Noodles : Nous voulons jouer dès que possible, mais le virus nous retient pour l’instant. Pour l’instant, tout est à l’arrêt. Aux États-Unis, avec le vaccin, on commence à gagner du terrain, il y a 100 millions de doses qui sont distribuées. Apparemment, la moitié de la population sera bientôt vacciner. Nous espérons qu’il en sera de même pour le reste du monde, comme ça on pourra se réunir à nouveau. Je ne pense pas que tout reviendra à la normale d’un coup, il y a aura forcément une période de transition. Les gens vont devoir se réhabituer et quand ce sera bon, les concerts recommenceront.

Dexter : Je ne m’étais pas rendu compte qu’on n’avait pas joué en salle en France en 10 ans. C’était au Bataclan, du coup ça nous a touché d’apprendre ce qu’il s’y était passé, comme nous y avions été.

Noodles: Il y avait eu une autre fusillade à San Bernardino pas longtemps après, et ça ne m’a pas autant touché que celle du Bataclan.
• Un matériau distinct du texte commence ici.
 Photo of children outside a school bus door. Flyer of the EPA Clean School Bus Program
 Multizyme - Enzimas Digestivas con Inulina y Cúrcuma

Il faut que nous revenions en salle bientôt. Nous avons plein de super fans en France depuis l’époque de Smash, nous les adorons.

Dexter : Les autres groupes qui ont tourné en Europe nous disaient « l’Allemagne c’était super, mais la France n’est pas aussi bien », mais pour nous, ça s’est bien passé dès le début ! Nous savons que les Français aiment Rage Against The Machine et Nirvana, et nous avons réussi à faire notre place dedans.

Noodles : Nous sommes un peu un mélange de ces deux groupes! [rires]

Dexter : Nous avons hâte d’y retourner en tout cas. Dans les prochaines dates, ce sera surtout en extérieur, mais nous adorons l’intimité des concerts en salle, il y a une autre proximité unique.